Saleo will show you who’s using what. Don’t obsess over page views. Focus on:

  • Which sections get used in real deals?
  • What do top reps actually reference?
  • Which resources are ignored (and should be cut)?

5.4: Get and act on feedback

  • Open a feedback channel (Slack, Teams, whatever your reps use).
  • Make it easy for reps to request updates or flag bad content.
  • Actually follow up. If reps see their feedback is ignored, they’ll stop caring.

Step 6: Avoid common enterprise playbook pitfalls

Some traps are universal—here’s what to watch out for:

  • Too much content: If it’s overwhelming, no one will use it. Ruthlessly trim.
  • Outdated info: Stale playbooks are worse than none at all.
  • Over-customization: Don’t build a custom playbook for every edge case. Focus on the 80% that covers most scenarios.
  • Ignoring adoption: Playbooks don’t matter if reps don’t use them. Keep it simple, visible, and easy to update.

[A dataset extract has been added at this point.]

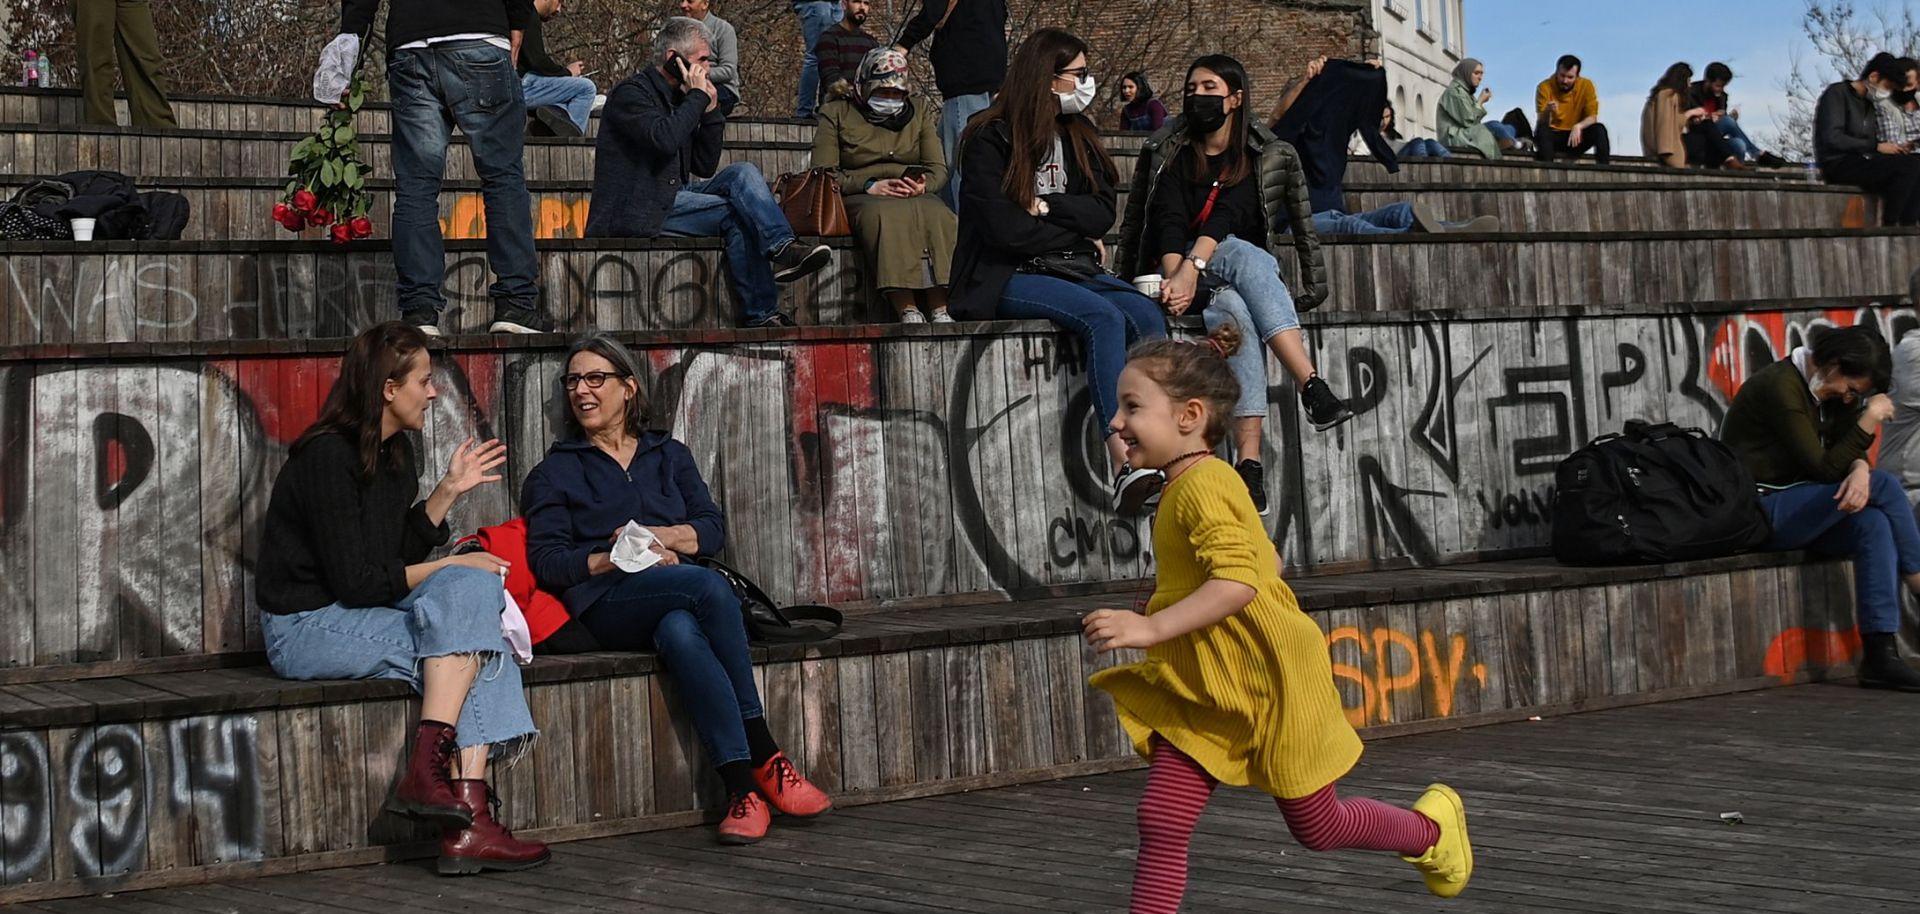 A child runs past people sitting near the Galata Bridge in Istanbul, Turkey, on Feb. 8, 2021.

Final thoughts: Keep it simple, keep it relevant

If you want your team to actually use playbooks in Saleo, resist the urge to overcomplicate. Start with the basics. Get feedback. Update often. Skip the fancy formatting and endless sections—just focus on what helps your team move deals forward. You can always iterate and add more later. The best playbook is the one your reps actually open.